| About this task |
Verbatim output of the lines below is required, with the images omitted.

| Dataset section |
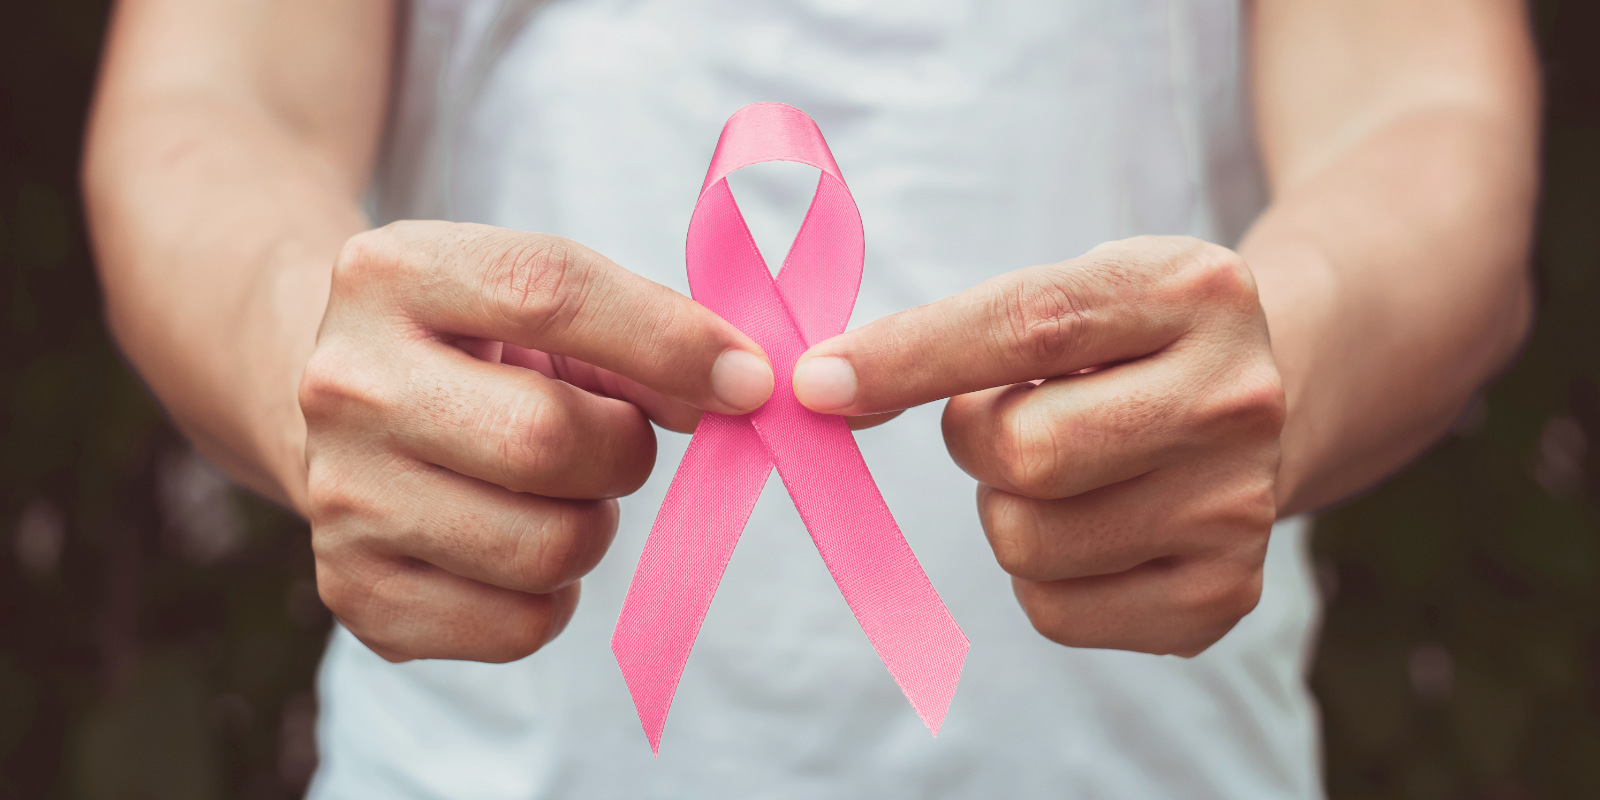 Brustkrebs bei Männern: Wer besonders gefährdet ist
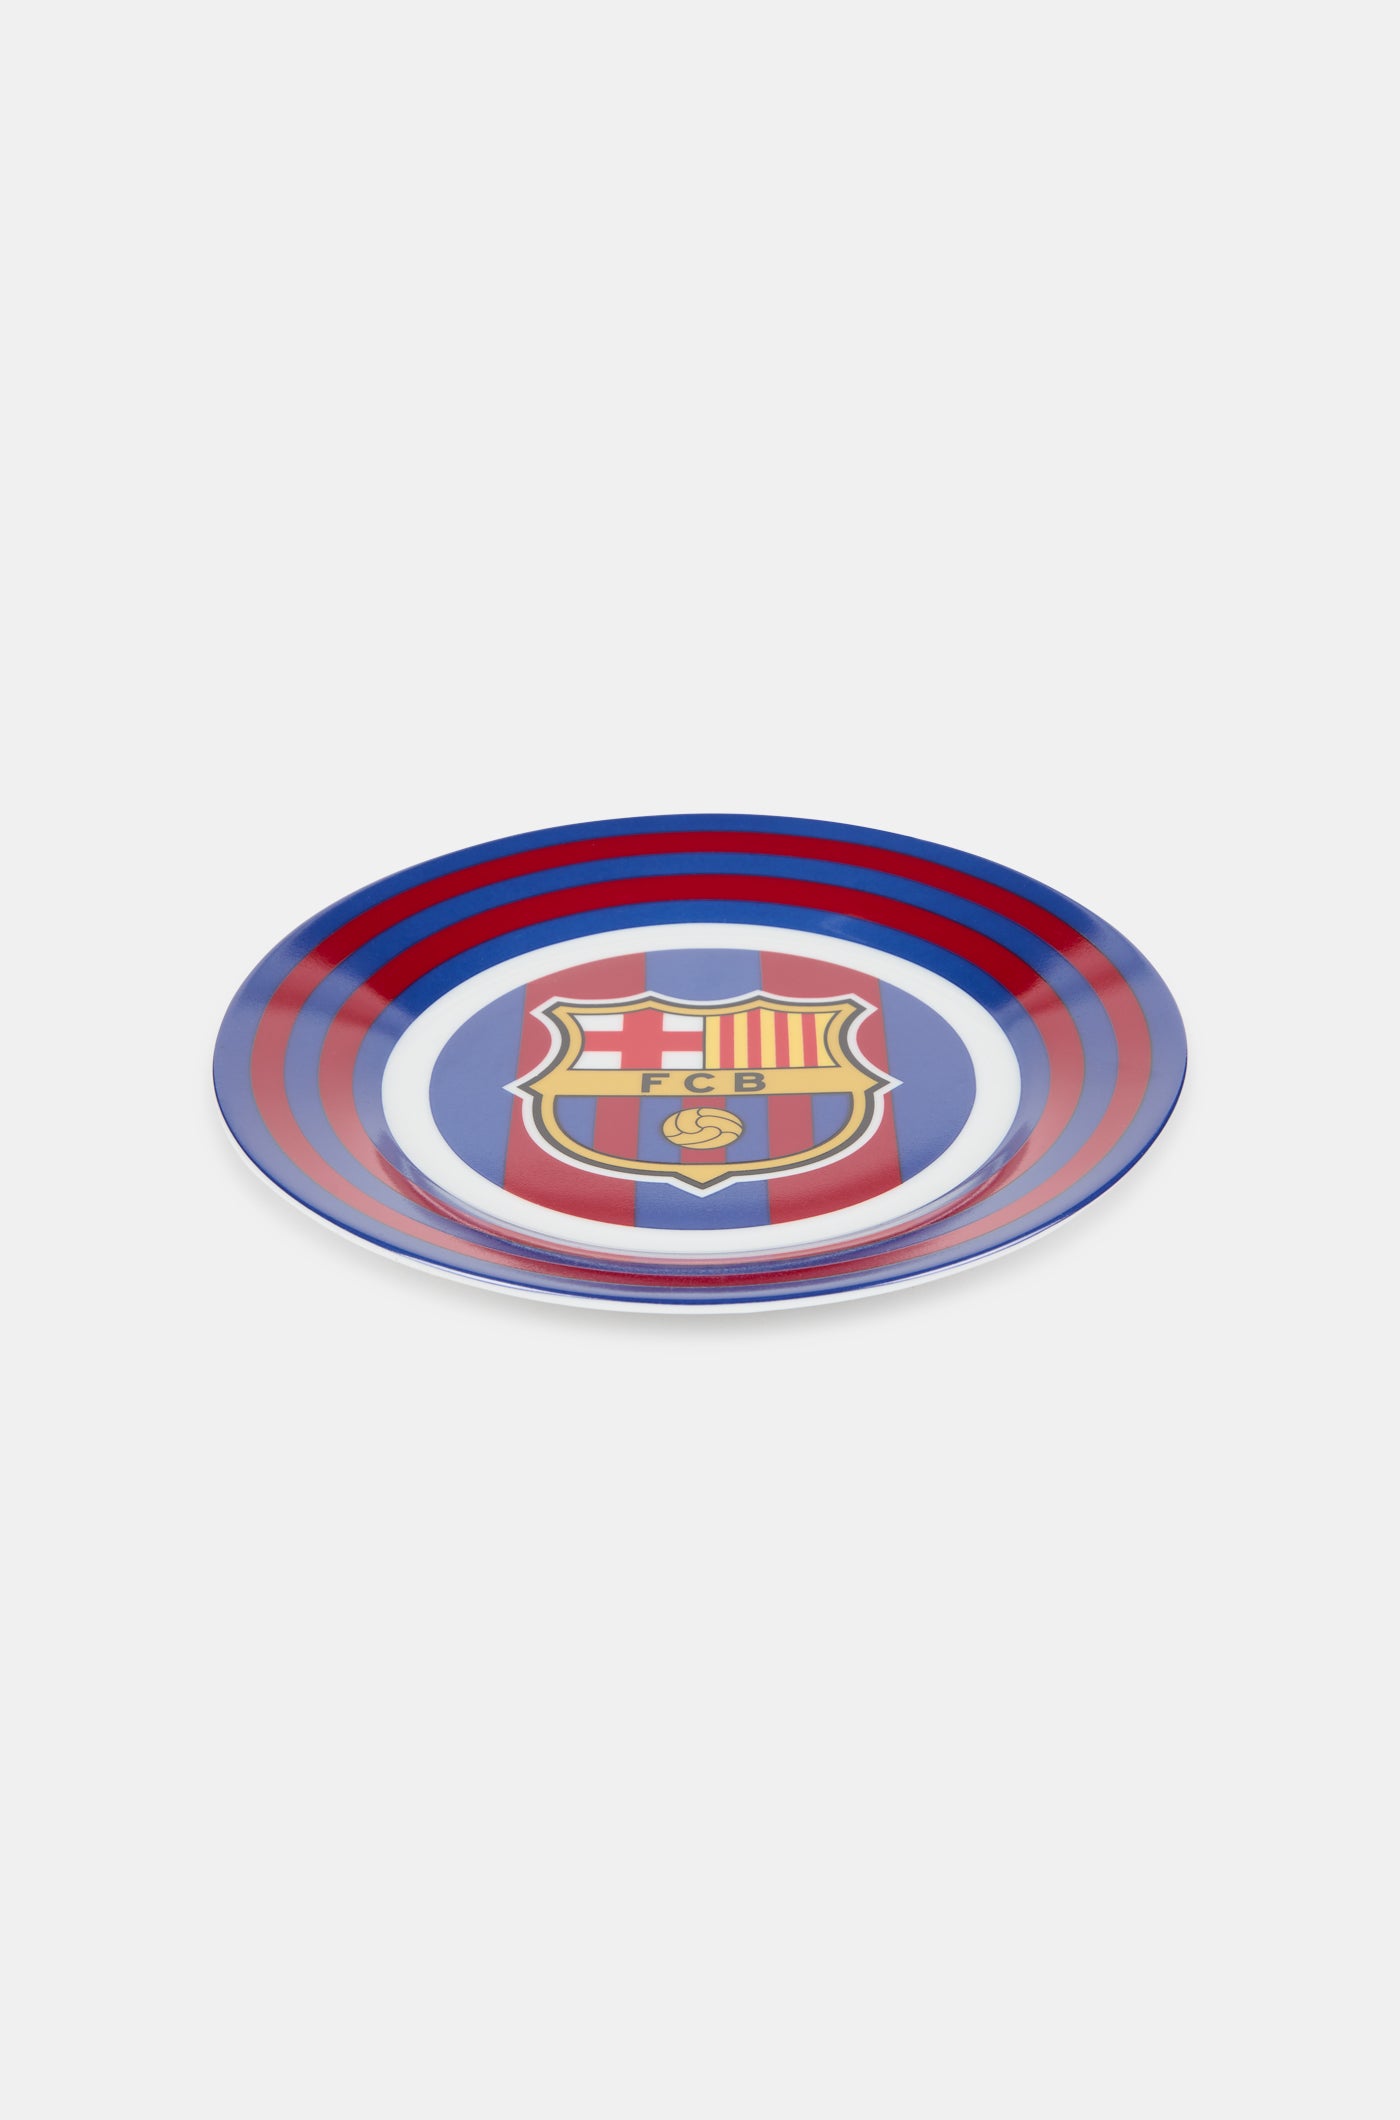 Set de desayuno para bebé del FC Barcelona
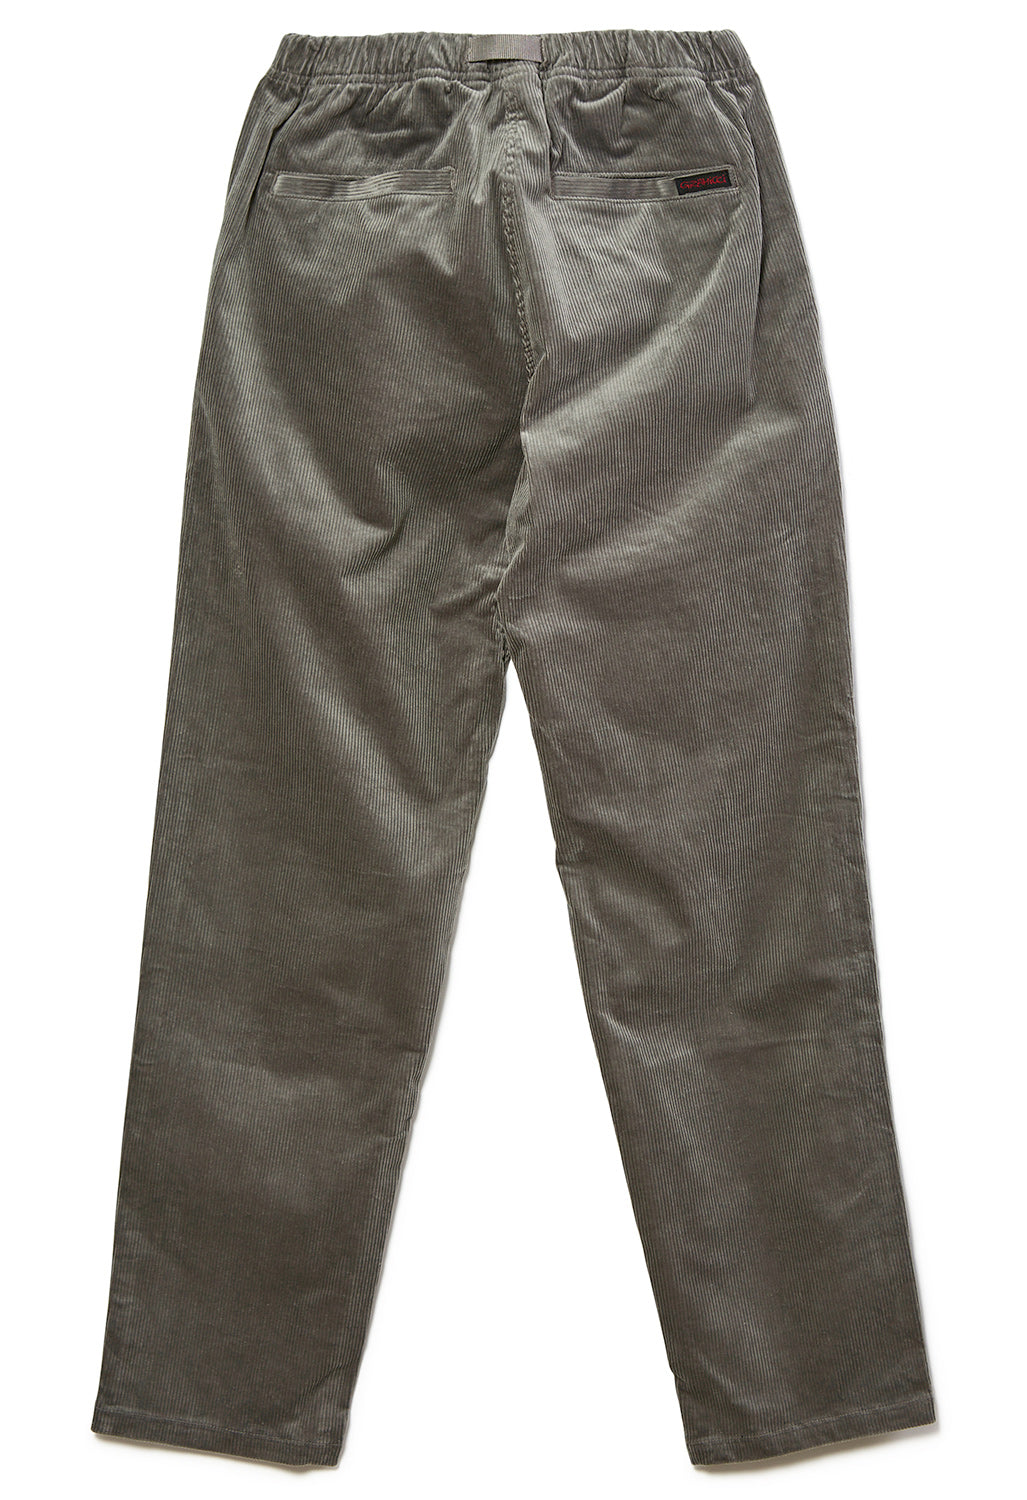 Gramicci Corduroy Men's G Pants - Grey

| Result for this task |
 Brustkrebs bei Männern: Wer besonders gefährdet ist
 Set de desayuno para bebé del FC Barcelona
 Gramicci Corduroy Men's G Pants - Grey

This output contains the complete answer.